Submitted to: Bioinformatics
Publication Type: Peer Reviewed Journal
Publication Acceptance Date: 3/4/2016
Publication Date: 3/9/2016
Citation: Wang, Y., Xu, L., Gu, Y.Q., Coleman-Derr, D.A. 2016. MetaCoMET: a web platform for discovery and visualization of the core microbiome. Bioinformatics. 32(22):3469-3470. doi:10.1093/bioinformatics/btw507.

Interpretive Summary: To compare the microbial communities associated with different environments, it is often useful to identify the core microbes shared between them. Current microbial datasets are often large and complex and computational tools are helpful for performing a core microbiome analysis. We have developed a web-based tool that is easy to use for analyzing the core microbiome. As the definition of the core microbiome remains largely subjective, we have included multiple methods for defining the core into our tool, along with a variety of user-customizable options for the analysis. The tool generates ready to use figures that are publication quality.

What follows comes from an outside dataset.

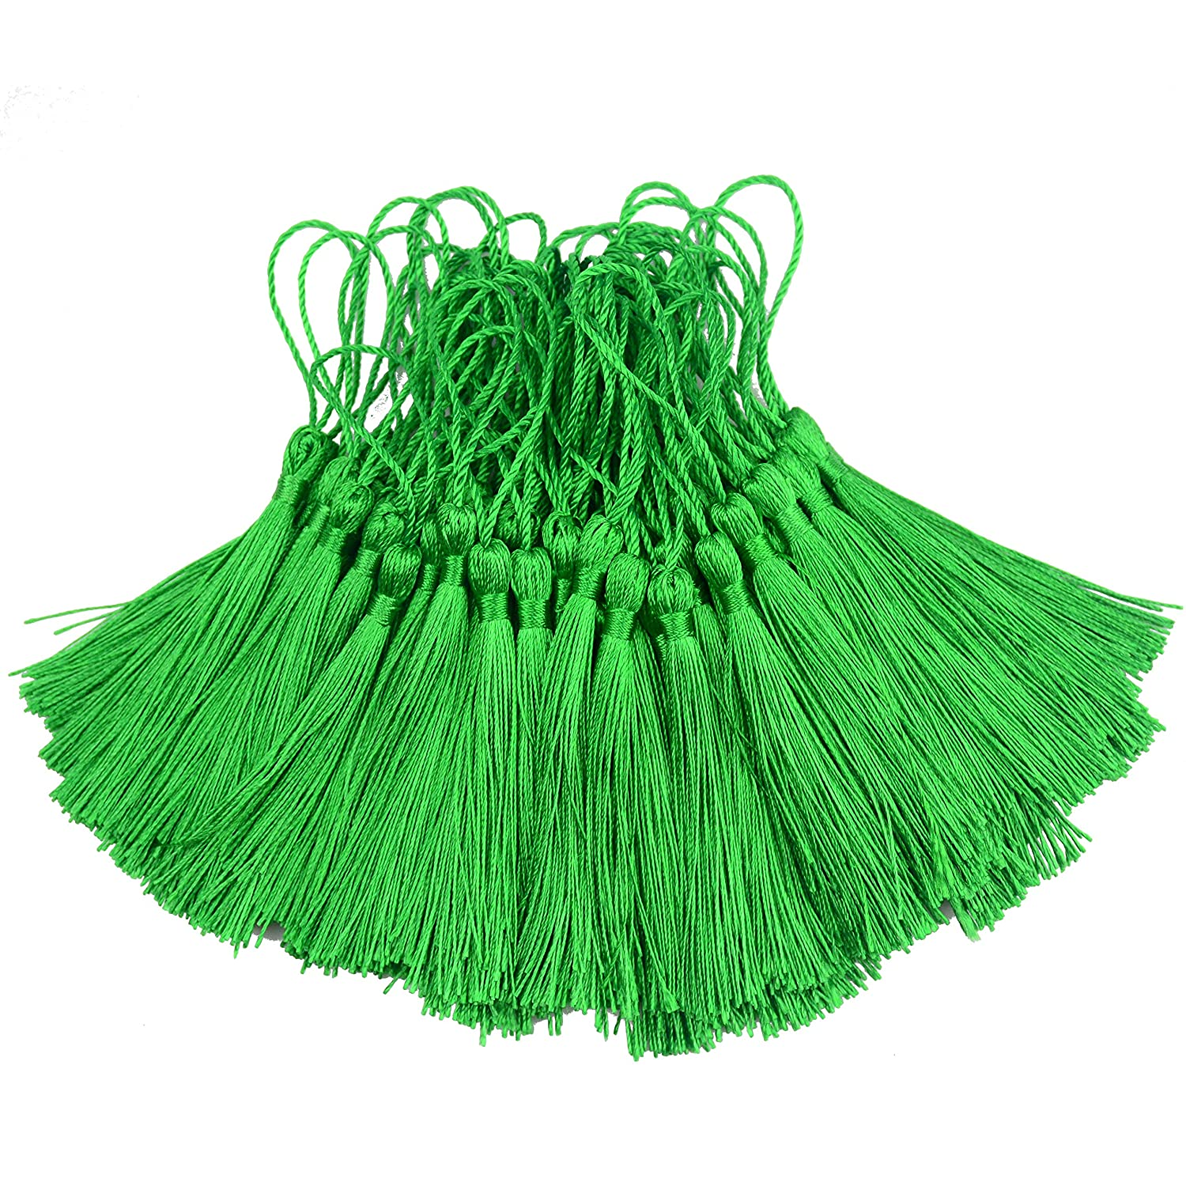 96 PCS Green Soft Craft Tassels with Loops for Jewelry Making, DIY, Bookmark, - WILLOW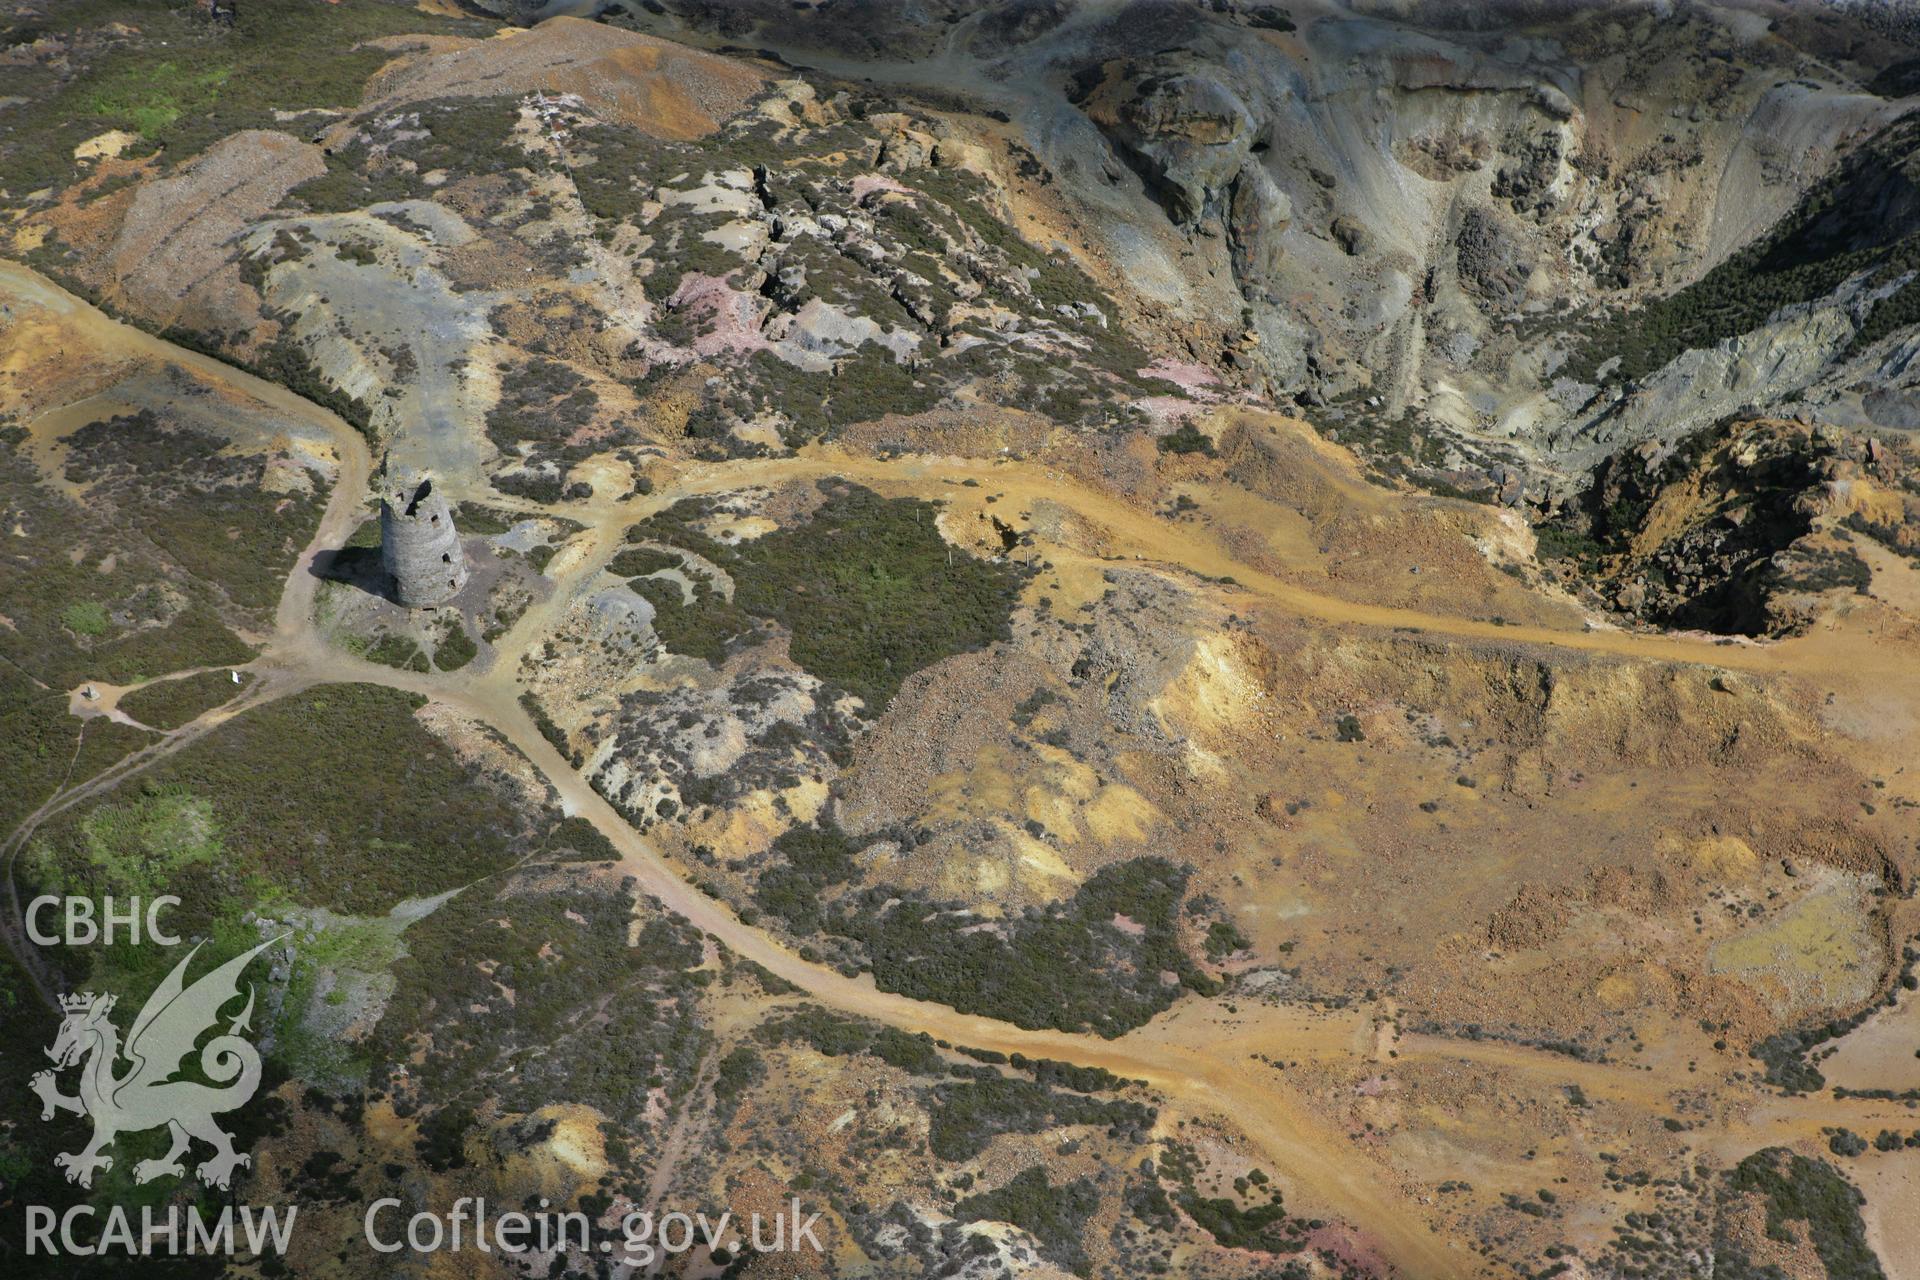 RCAHMW colour oblique photograph of Parys Mountain Copper Mines, Amlwch, view of pumping windmill. Taken by Toby Driver on 20/07/2011.

Technical Abstract: A key component of the analysis of microbiome datasets is the identification of OTUs shared between multiple experimental conditions, commonly referred to as the core microbiome. Results: We present a web platform named MetaCoMET that enables the discovery and visualization of the core microbiome and provides a comparison of the relative abundance and diversity patterns between subsets of samples within a microbiome dataset. MetaCoMET provides an efficient and interactive graphical interface for analyzing each subset defined by the union or disjunction of groups within the Venn diagram, and includes a graphical taxonomy summary, alpha diversity metrics, Principal Coordinate analysis, abundance-based heatmaps, and a chart indicating the geographic distribution of each sample.